Since traces are allocated independently, this approach offers more flexibility than global allocators. Eisl et al. [2017] selected different allocation strategies which either yield good allocation quality or fast allocation time, based on the expected trace execution frequency. They evaluated different policies which reduced allocation time by up to 43% on average. However, this reduction comes at a peak performance penalty of about 11%.

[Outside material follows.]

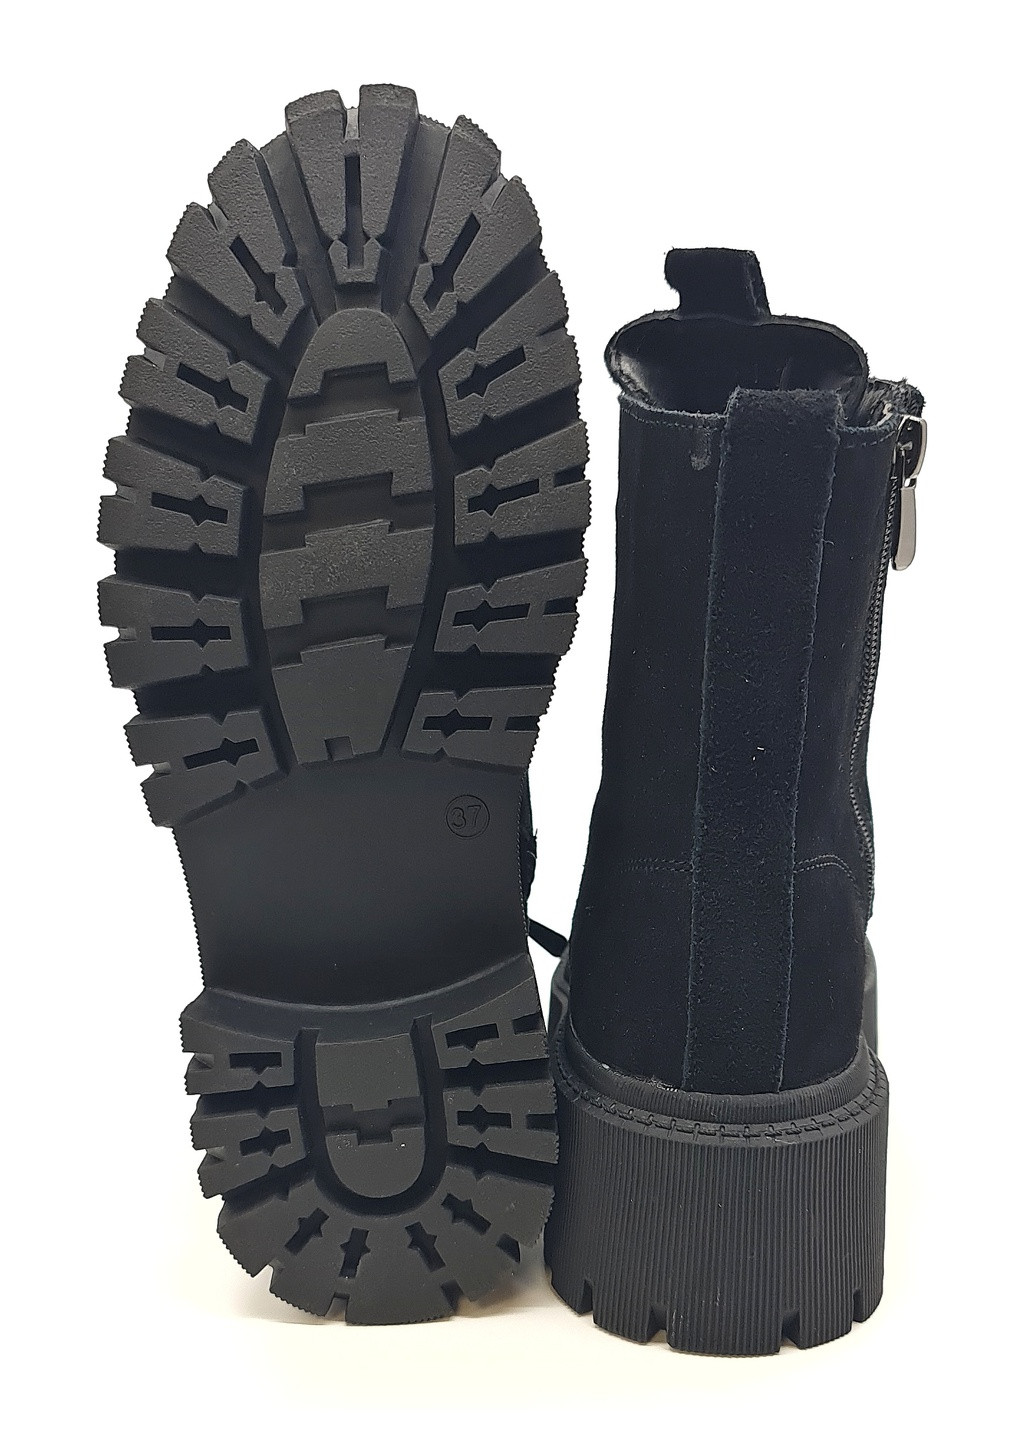 Осенние женские ботинки зимние черные замшевые ii-11-22 23 см(р) It is

In this work we leverage the flexibility of trace register allocation to reduce compilation latency without impacting peak performance. To do so, we use multiple threads to allocate traces concurrently. We built a prototype based on the idea and were able to reduce the register allocation latency by 28%. In summary, we contribute the following:

• A trace dependency model for minimizing synchronization effort and avoiding a negative performance impact due to parallelization.
• An analysis of the parallelization potential in trace register allocation.
• A proof-of-concept implementation of a parallel trace register allocator.
• An empirical evaluation of our prototype using the DaCapo [Blackburn et al., 2006] and Scala-DaCapo [Sewe et al., 2011] benchmarks.

In the remainder of the paper we will recap the trace register allocation approach, describe how we can allocate registers concurrently with minimal synchronization effort, show that there is potential...
for parallelization and present preliminary results of our implementation prototyped in GraalVM, a production quality Java virtual machine developed by Oracle.¹

2 BACKGROUND ON TRACE REGISTER ALLOCATION

Our idea extends previous work on trace register allocation by Eisl et al. [2016, 2017]. In this section we review trace register allocation before we propose our extensions in Section 3.

In contrast to global register allocation, which processes a whole method at once, trace register allocation divides the problem into smaller sub-problems, so-called traces, for which register allocation can be done independently for each trace. Figure 1 shows the components of the trace register allocation framework.

Trace Building. The trace building algorithm takes the basic blocks of a control flow graph as its input and returns a set of traces. Traces are non-empty and non-overlapping and every basic block is contained in exactly one trace. Figure 2 illustrates the result of the trace building step.

Global Liveness Analysis. To capture the liveness of variables at trace boundaries, a global liveness analysis is required. For every inter-trace edge, i.e., an edge that connects two traces, we compute a live set. The analysis is done in a single iteration over the basic blocks, similar to the liveness analysis described by Wimmer and Franz [2010] for SSA-based linear scan register allocation.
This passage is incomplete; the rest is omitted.